Lebih lanjut, ia mengajak seluruh pemangku kepentingan untuk bekerja sama dalam memperkuat integrasi data nasional. Data yang akurat dan terpadu dianggap sebagai kunci utama agar setiap kebijakan yang diambil pemerintah bisa tepat sasaran dan sesuai dengan kebutuhan riil di lapangan.
Mitigasi Risiko dan Keberlanjutan
Integrasi data ini juga berfungsi sebagai langkah antisipasi terhadap berbagai risiko yang mungkin dihadapi pekerja, seperti kecelakaan kerja atau penyakit akibat kerja. Dengan basis data yang kuat, pemerintah dapat lebih mudah memetakan kelompok rentan yang membutuhkan intervensi perlindungan lebih cepat.
Selain mitigasi risiko individual, pengelolaan data yang baik diharapkan mampu menjaga keberlanjutan dana jaminan sosial untuk jangka panjang.

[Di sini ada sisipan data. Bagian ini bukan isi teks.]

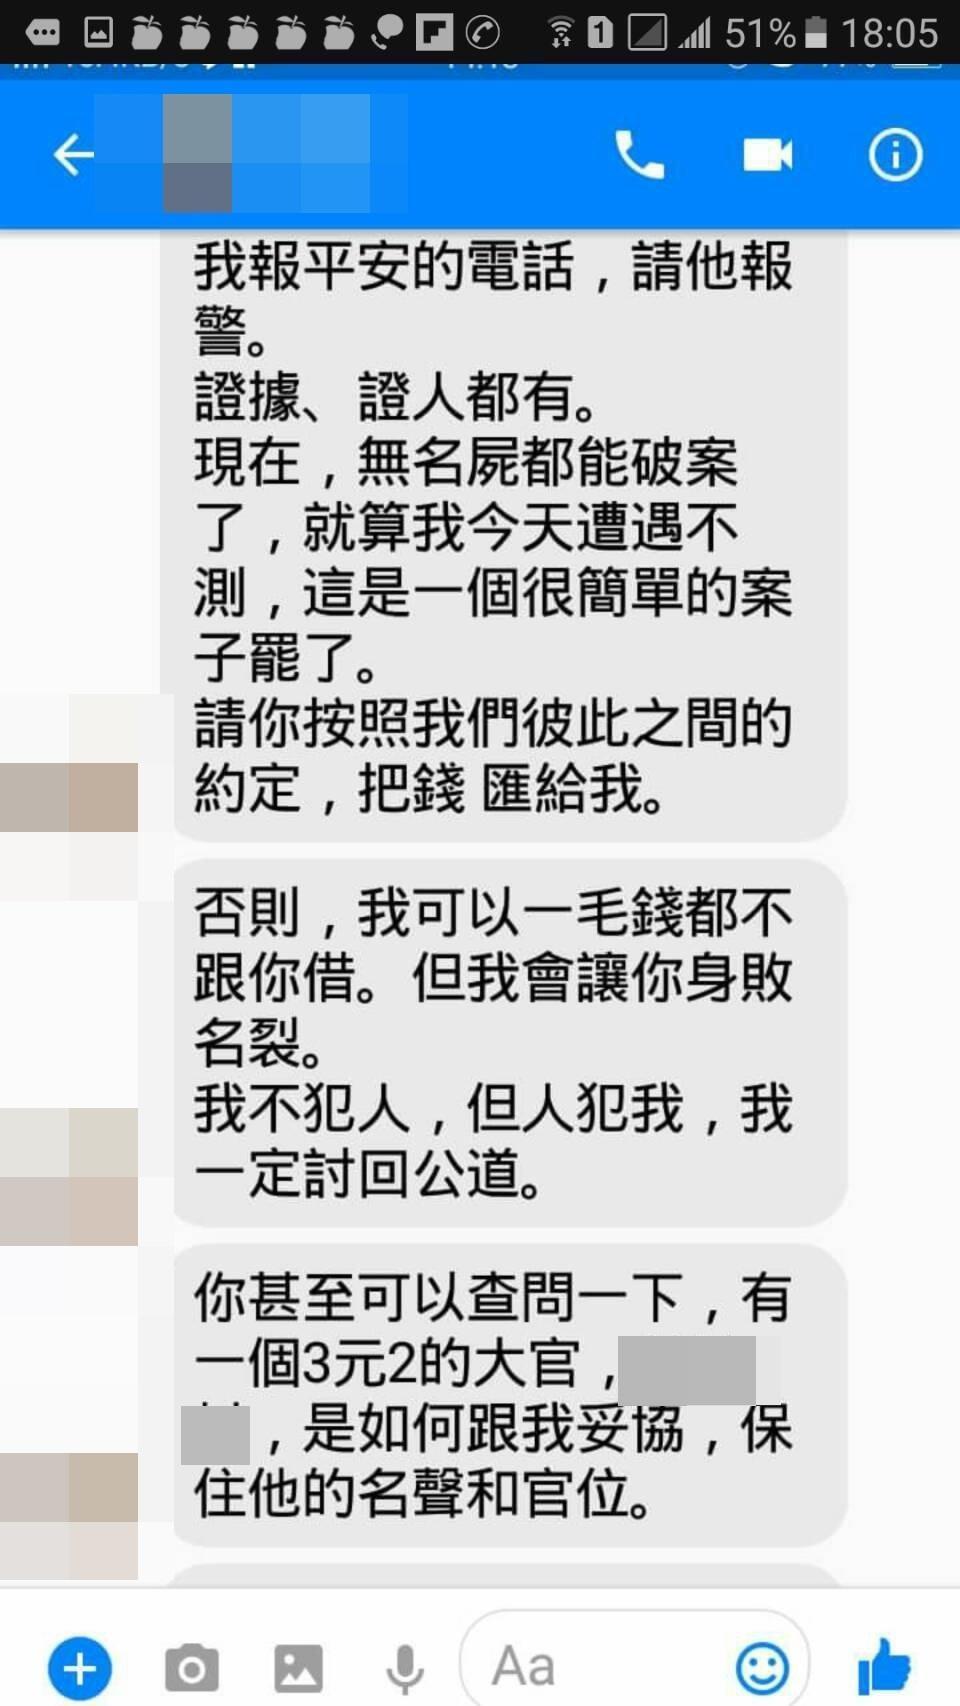 H女耍無賴就是不還錢,甚至要小陳去打聽該名台南刑大大隊長為了名聲跟官位,最後也跟她妥協。(翻攝畫面)

Hal ini penting untuk memastikan bahwa dana yang dikelola tetap sehat dan mampu memberikan manfaat bagi generasi pekerja di masa depan.
Direktur Utama BPJS Ketenagakerjaan, Syaiful Hidayat, yang turut hadir dalam acara tersebut, menyatakan dukungannya terhadap visi pemerintah. Ia menegaskan bahwa seluruh kategori pekerja kini menjadi prioritas utama dalam perluasan cakupan perlindungan jaminan sosial.
Sinergi Pemangku Kepentingan
Syaiful berharap adanya kesadaran kolektif dari masyarakat dan pemberi kerja untuk tidak lagi melihat jaminan sosial sebagai beban finansial. Menurutnya, perlindungan ini adalah investasi jangka panjang untuk menjaga produktivitas dan stabilitas ekonomi nasional.
“Mari kita bangun bersama agar perlindungan pekerja tidak lagi dipandang sebagai kewajiban semata, melainkan kebutuhan dasar untuk hidup tenang,” ungkap Syaiful menutup pernyataannya.
Melalui sinergi antara kementerian, lembaga, dan pelaku usaha, pemerintah optimis bahwa perlindungan menyeluruh bagi pekerja informal dapat segera terwujud. Fokus utama ke depan adalah menyederhanakan akses pendaftaran sehingga para pekerja mandiri dapat dengan mudah terlindungi oleh sistem negara.